Description of problem:
[ ERROR ] dwhd is currently running. Its hostname is FQDNofmyengine. Please stop it before running Setup.
[ ERROR ] Failed to execute stage 'Transaction setup': dwhd is currently running


Version-Release number of selected component (if applicable):
Engine:
ovirt-engine-4.1.0-0.0.master.20161201071307.gita5ff876.el7.centos.noarch
Linux version 3.10.0-327.36.3.el7.x86_64 (builder.centos.org) (gcc version 4.8.5 20150623 (Red Hat 4.8.5-4) (GCC) ) #1 SMP Mon Oct 24 16:09:20 UTC 2016
Linux 3.10.0-327.36.3.el7.x86_64 #1 SMP Mon Oct 24 16:09:20 UTC 2016 x86_64 x86_64 x86_64 GNU/Linux
CentOS Linux release 7.3.1611 (Core) 

Host:
ovirt-engine-appliance-4.1-20161202.1.el7.centos.noarch
vdsm-4.18.999-1020.git1ff41b1.el7.centos.x86_64
ovirt-host-deploy-1.6.0-0.0.master.20161107121647.gitfd7ddcd.el7.centos.noarch
libvirt-client-2.0.0-10.el7_3.2.x86_64
ovirt-vmconsole-1.0.4-1.el7ev.noarch
ovirt-release41-pre-4.1.0-0.0.beta.20161201085255.git731841c.el7.centos.noarch
qemu-kvm-rhev-2.6.0-28.el7_3.2.x86_64
ovirt-hosted-engine-ha-2.1.0-0.0.master.20161130135331.20161130135328.git3541725.el7.centos.noarch
ovirt-engine-appliance-4.1-20161202.1.el7.centos.noarch
sanlock-3.4.0-1.el7.x86_64
ovirt-setup-lib-1.1.0-0.0.master.20161107100014.gitb73abeb.el7.centos.noarch
ovirt-engine-sdk-python-3.6.9.1-1.el7ev.noarch
ovirt-imageio-common-0.5.0-0.201611201242.gitb02532b.el7.centos.noarch
ovirt-vmconsole-host-1.0.4-1.el7ev.noarch
mom-0.5.8-1.el7ev.noarch
ovirt-hosted-engine-setup-2.1.0-0.0.master.20161130101611.gitb3ad261.el7.centos.noarch
ovirt-imageio-daemon-0.5.0-0.201611201242.gitb02532b.el7.centos.noarch
Linux version 3.10.0-514.2.2.el7.x86_64 (mockbuild.eng.bos.redhat.com) (gcc version 4.8.5 20150623 (Red Hat 4.8.5-11) (GCC) ) #1 SMP Wed Nov 16 13:15:13 EST 2016
Linux 3.10.0-514.2.2.el7.x86_64 #1 SMP Wed Nov 16 13:15:13 EST 2016 x86_64 x86_64 x86_64 GNU/Linux
Red Hat Enterprise Linux Server release 7.3 (Maipo)


How reproducible:
100%

Steps to Reproduce:
1.Deploy HE over NFS on RHEL7.3 host from ovirt-engine-appliance-4.1-20161202.1.el7.centos.noarch.
2.Once deployed, set host to global maintenance and then on engine run "yum install http://resources.ovirt.org/pub/yum-repo/ovirt-release41-pre.rpm -y && yum clean all && yum update -y --skip-broken"
3.Once finished, run engine-setup on engine.

Actual results:
engine-setup fails with "[ ERROR ] dwhd is currently running.

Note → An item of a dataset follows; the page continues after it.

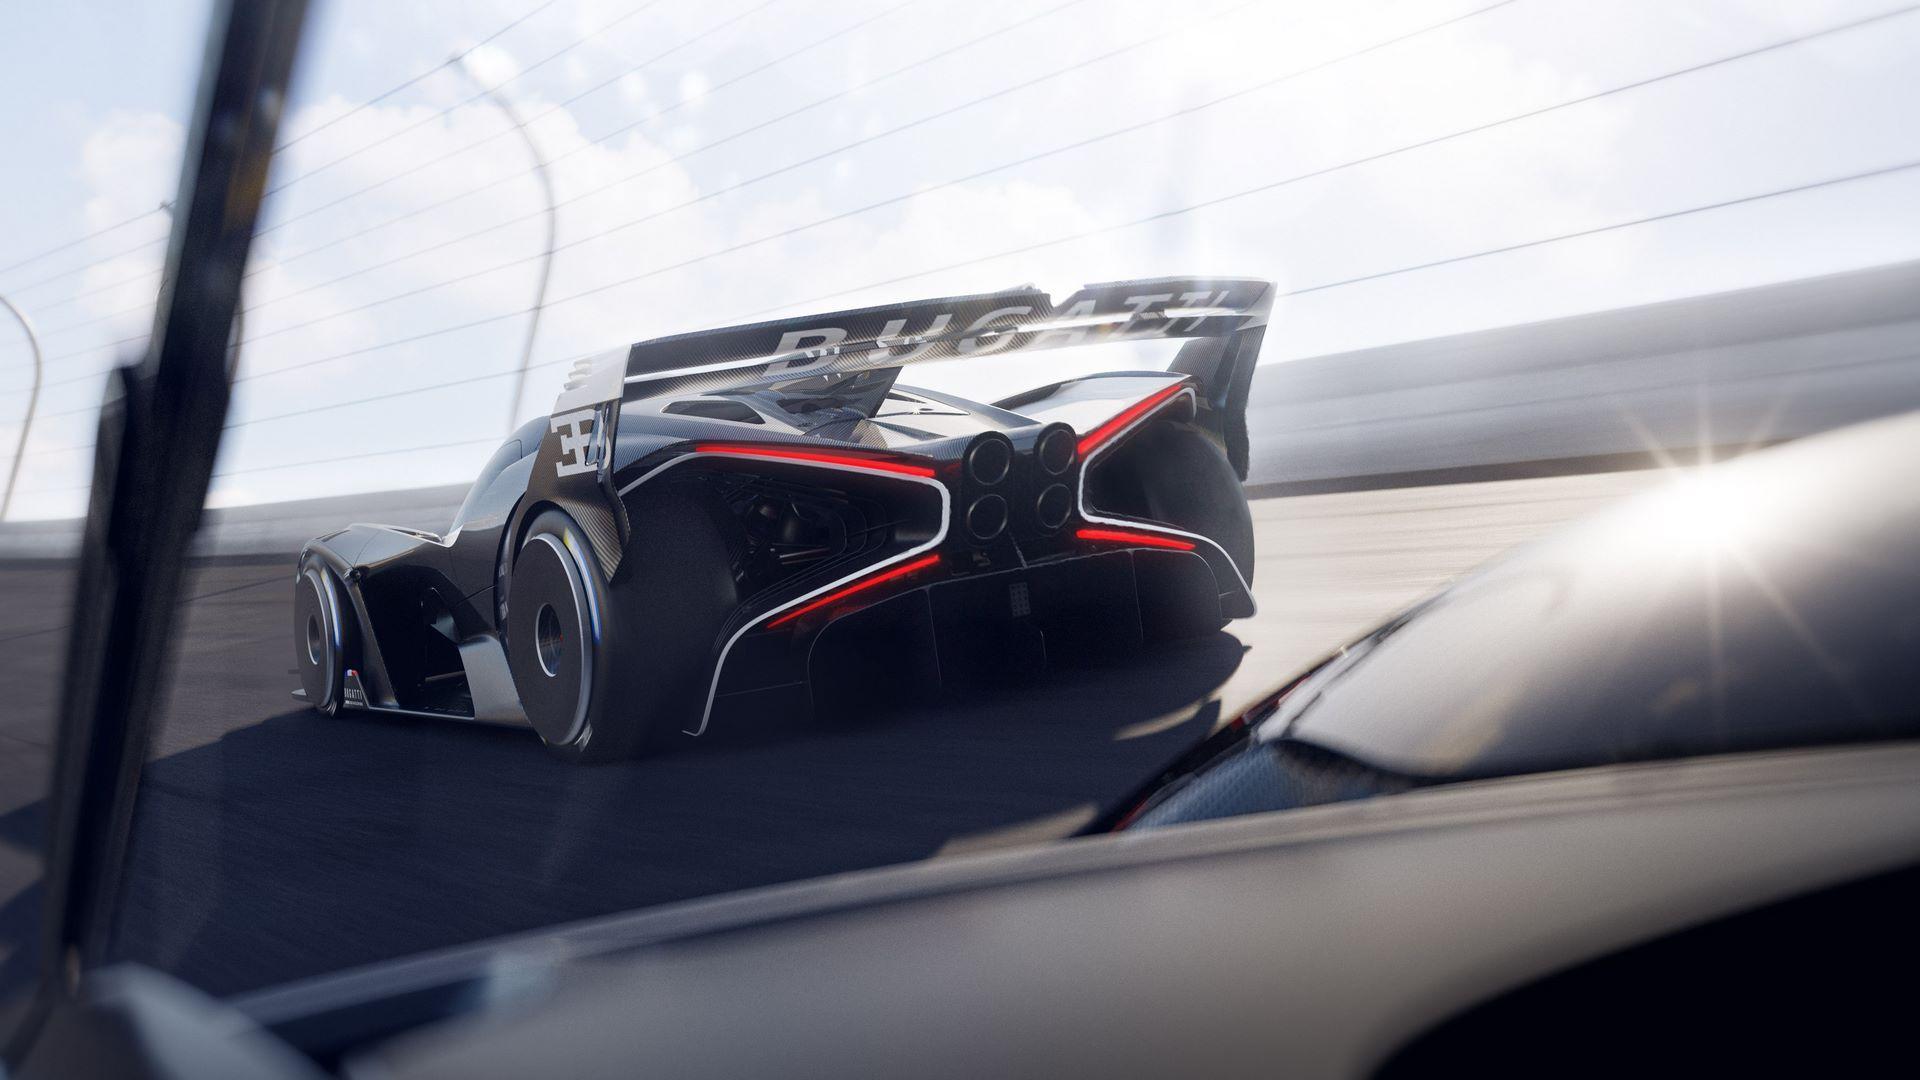 Bugatti-Bolide-production-version-10
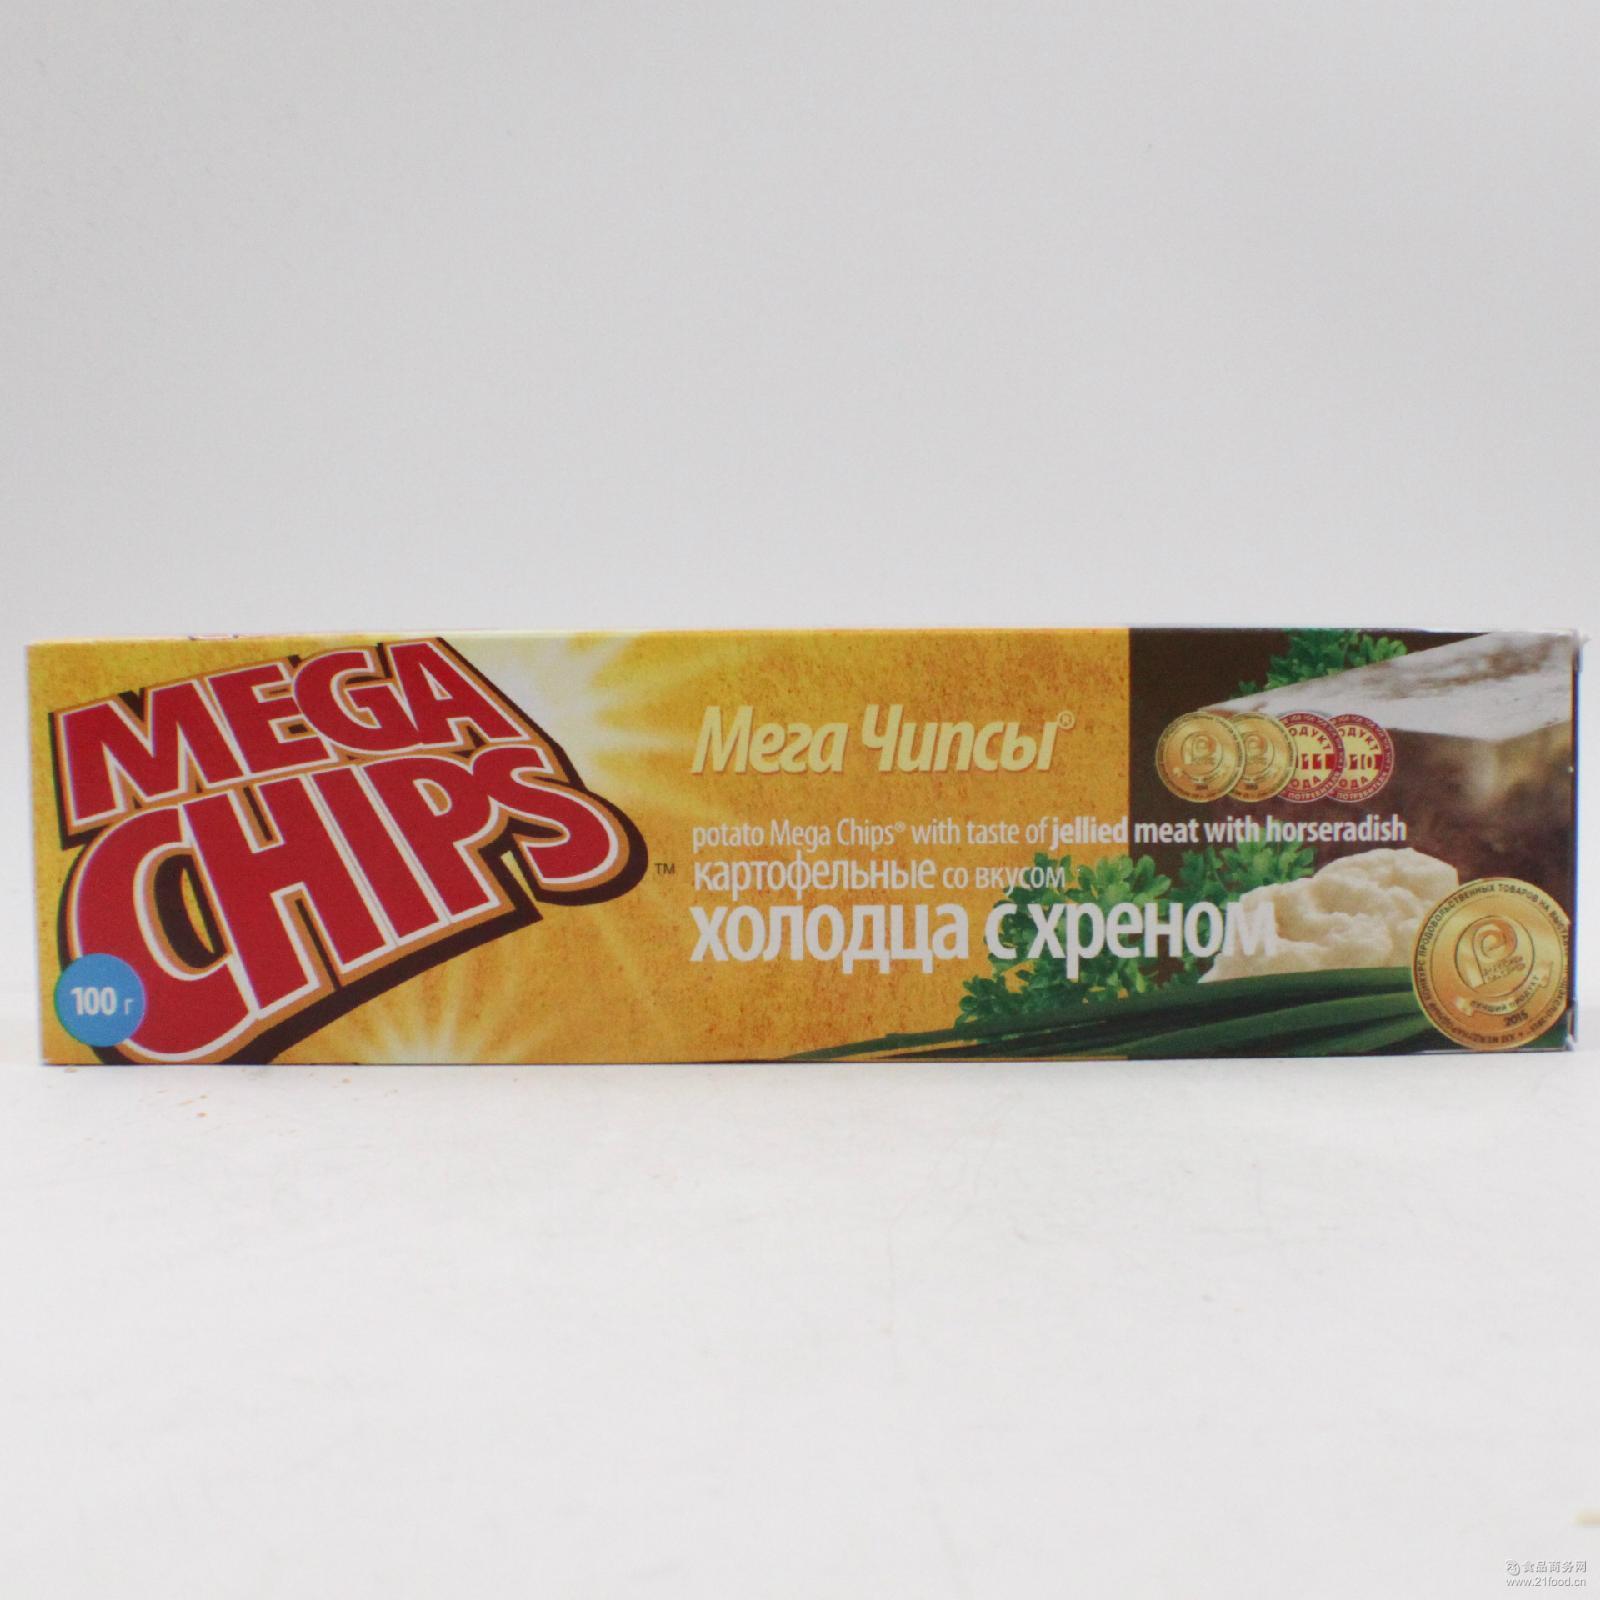 香甜酥脆膨化儿童零食批发 俄罗斯原装进口宾格瑞恋人50克薯片

Its hostname is FQDNofmyengine. Please stop it before running Setup.
[ ERROR ] Failed to execute stage 'Transaction setup': dwhd is currently running"

Expected results:
engine-setup should pass without errors.

Additional info:

(Originally by Nikolai Sednev)

Comment 1 rhev-integ 2017-02-27 13:08:14 UTC

Created attachment 1231822 [details]
boot.log

(Originally by Nikolai Sednev)

Comment 3 rhev-integ 2017-02-27 13:08:20 UTC

Created attachment 1231823 [details]
engine.log

(Originally by Nikolai Sednev)

Comment 4 rhev-integ 2017-02-27 13:08:26 UTC

Created attachment 1231825 [details]
ovirt-engine-dwhd.log

(Originally by Nikolai Sednev)

Comment 5 rhev-integ 2017-02-27 13:08:33 UTC

Created attachment 1231826 [details]
ovirt-engine-setup-20161214183600-ozoyih.log

(Originally by Nikolai Sednev)

Comment 6 rhev-integ 2017-02-27 13:08:39 UTC

Created attachment 1231827 [details]
ovirt-engine-setup-20161214192609-q08i8b.log

(Originally by Nikolai Sednev)

Comment 7 rhev-integ 2017-02-27 13:08:45 UTC

Created attachment 1231828 [details]
server.log

(Originally by Nikolai Sednev)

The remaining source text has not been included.